Esta perspectiva cuestiona la idea de que solo hay lucha política cuando existe una organización obrera formal o una demanda salarial explícita. Defender una fuente de agua, sostener una red comunitaria de alimentos, resistir el despojo territorial, preservar conocimientos de salud, oponerse a la violencia sexual o negarse a una maternidad impuesta puede ser también una lucha contra las condiciones de acumulación.

La caza de brujas es relevante porque persiguió no únicamente a mujeres aisladas, sino a posibles nodos de apoyo y resistencia comunitaria.
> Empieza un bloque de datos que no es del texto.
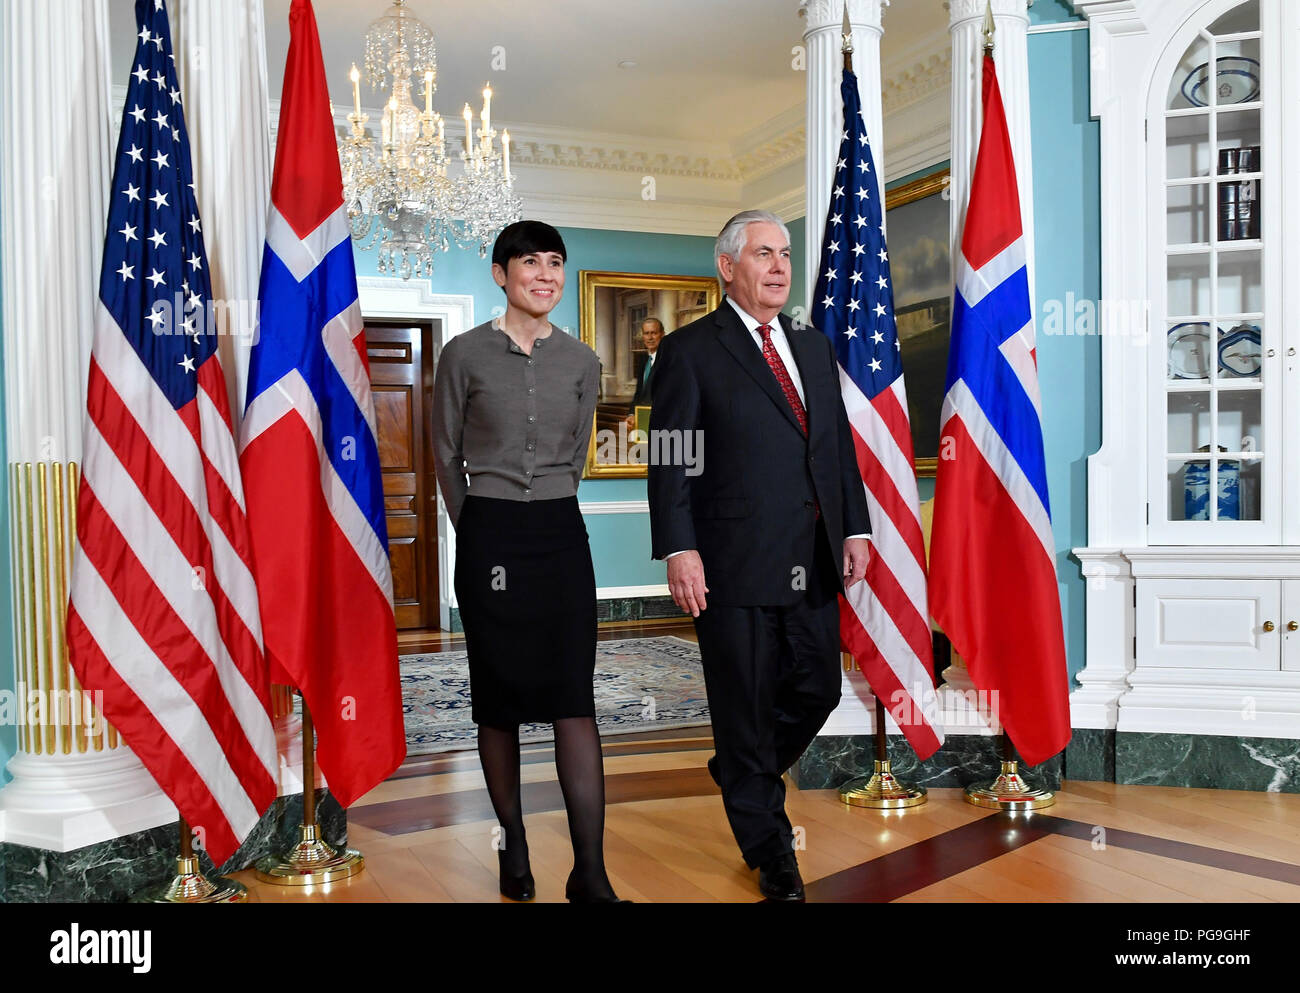 U.S. Secretary of State Rex Tillerson and Norwegian Foreign Minister Ine Marie Eriksen Søreide prepare to address reporters at the U.S. Department of State in Washington, D.C. on January 11, 2018. Stock Photo

Al demonizarlas como brujas, seductoras, corruptoras o enemigas del orden, se buscaba aislarlas socialmente y quebrar los vínculos colectivos que podían sostener una oposición al nuevo régimen de trabajo.

Ejemplo: mujeres en luchas campesinas y anticoloniales

Las mujeres han participado activamente en rebeliones campesinas, resistencias indígenas, luchas anticoloniales, movimientos por la tierra, huelgas, redes de alimentación y formas comunitarias de sobrevivencia. Sin embargo, los relatos oficiales suelen reducirlas a víctimas pasivas o las representan como amenazas morales cuando ocupan un lugar de liderazgo.

En la lectura de Federici, la demonización de mujeres rebeldes cumple una función política: desacreditar su palabra, asociar su autonomía con el desorden y advertir a otras mujeres sobre los costos de desafiar la autoridad masculina, colonial, eclesiástica o estatal. Recuperar estas resistencias permite entender que el trabajo reproductivo no es solo un terreno de explotación: también es un espacio desde el cual se organizan cuidados, solidaridades y alternativas de vida.